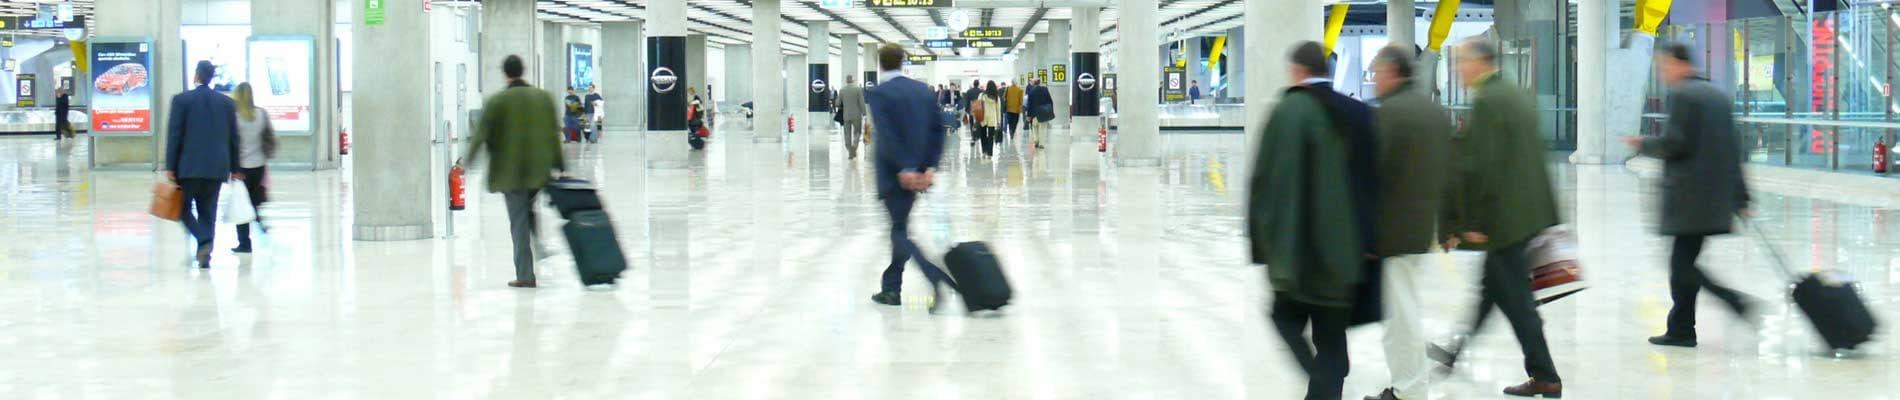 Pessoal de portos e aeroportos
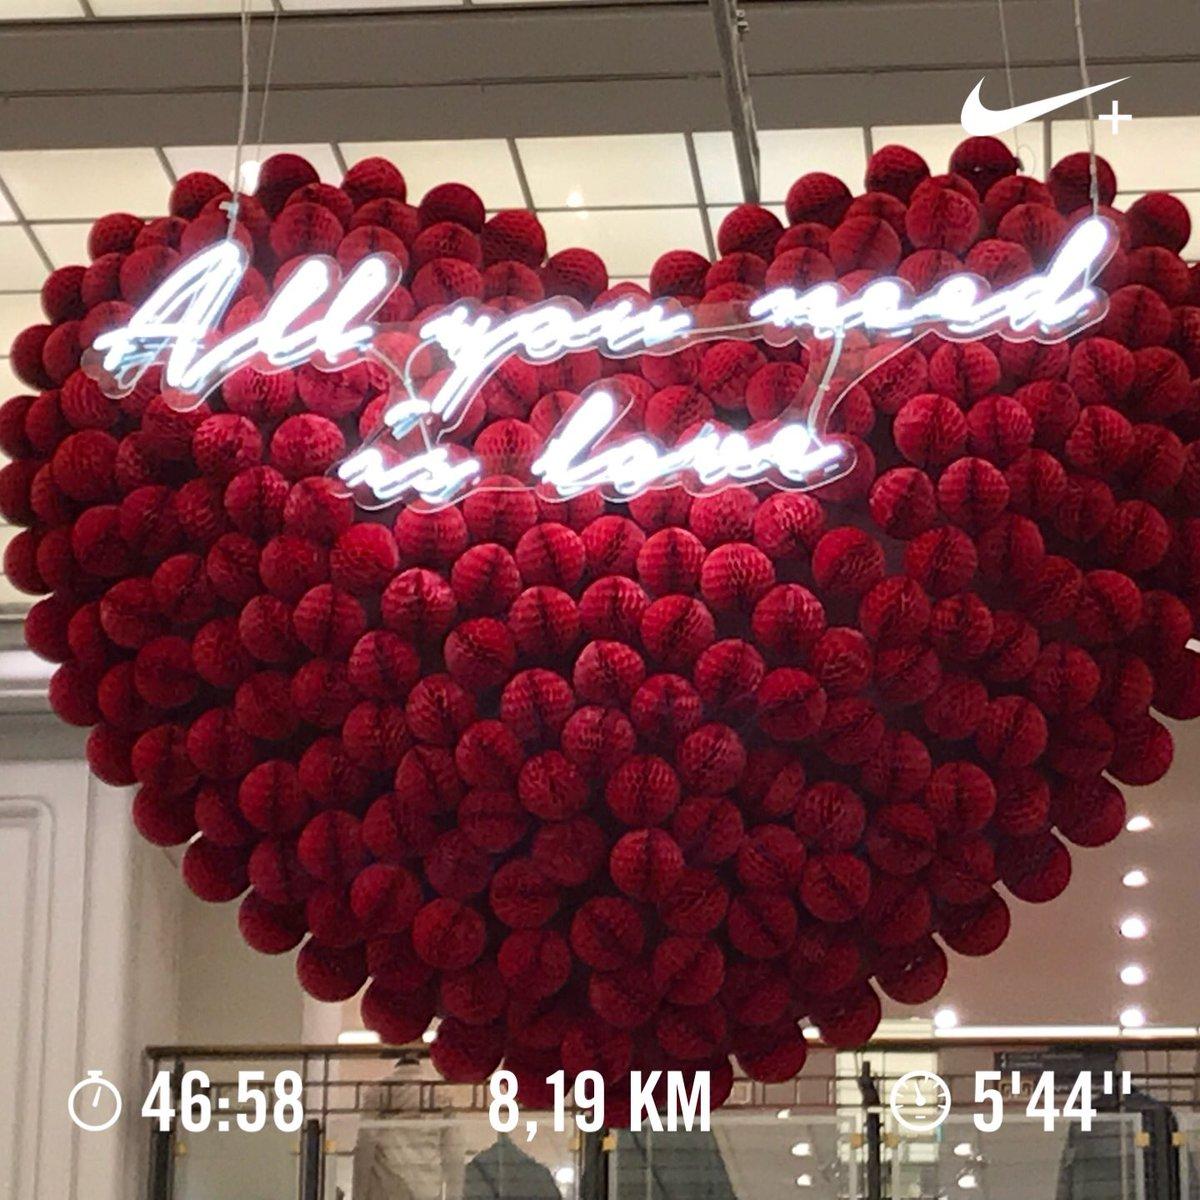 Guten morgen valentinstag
┄┄┄┄┄┄
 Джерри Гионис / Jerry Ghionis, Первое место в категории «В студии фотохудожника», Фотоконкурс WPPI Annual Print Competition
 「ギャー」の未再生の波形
┄┄┄┄┄┄
Work request:
Above are the records; copy from them only the lines starting at the one containing "Pessoal de portos e aeroportos" and ending at the one containing "Guten morgen valentinstag", exactly and without pictures.

Answer section:
 Pessoal de portos e aeroportos
 Guten morgen valentinstag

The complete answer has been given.